Le Concile Vatican II n’est-il pas encore une piste pour répondre aux défis d’aujourd’hui ? Le Concile est la grande grâce de l’Église au XXème siècle, selon la formule de Jean-Paul II. Le pape François a élargi la manière de procéder du Concile à l’ensemble du peuple de Dieu. Tout chrétien est disciple missionnaire. Que vous soyez prêtre, évêque ou simple fidèle, c’est le baptême qui nous relie. Le reste n’est pas secondaire mais second. Avec le pape François, « le baptême, c’est la porte de l’Église ». C’est le baptême qui fait l’Église et l’Église qui célèbre le baptême.

Si le pontificat de François n’a pas été marqué par des ouvertures dans les domaines théologique et disciplinaire, François restera, pour les chrétiens, un pape qui a multiplié les signes d’amitié. Il a vécu un œcuménisme de la fraternité en rendant visite, par exemple, au temple de l’Église vaudoise Valdo de Turin, ou en rencontrant de nombreux pasteurs d’Églises évangéliques, en demandant pardon pour l’attitude de son Église dans le passé.
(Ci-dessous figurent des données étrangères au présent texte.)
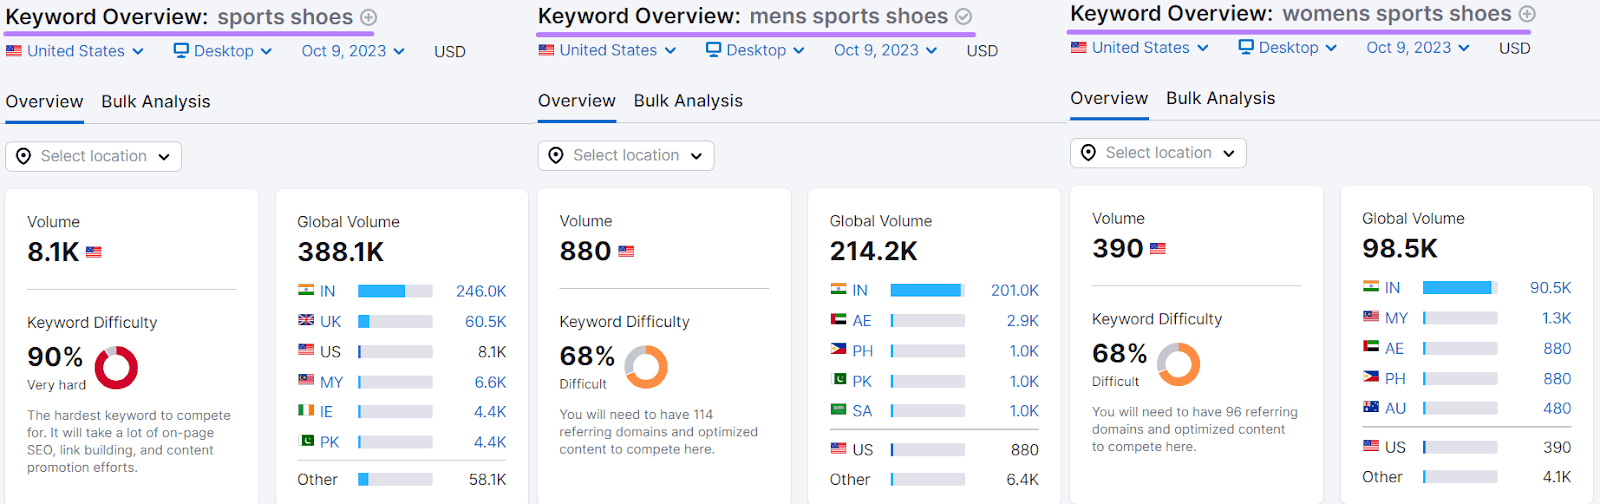 “sports shoes,” “mens sports shoes,” and “womens sports shoes” keyword overview

Selon notre sensibilité, nous serons déçus ou émus par les évolutions apportées par un pontificat marqué par l’attention aux marginaux, le souci du climat et la défense des migrants. Dans les Écritures, la vie est plus importante que la doctrine, et ce qui fonde l’Église, ce n’est pas d’avoir le même point de vue dans tous les domaines de la théologie, mais de vivre et de partager la grâce de l’Évangile. (Antoine Nouis, directeur du journal Réforme, 24 avril 2025, page 2).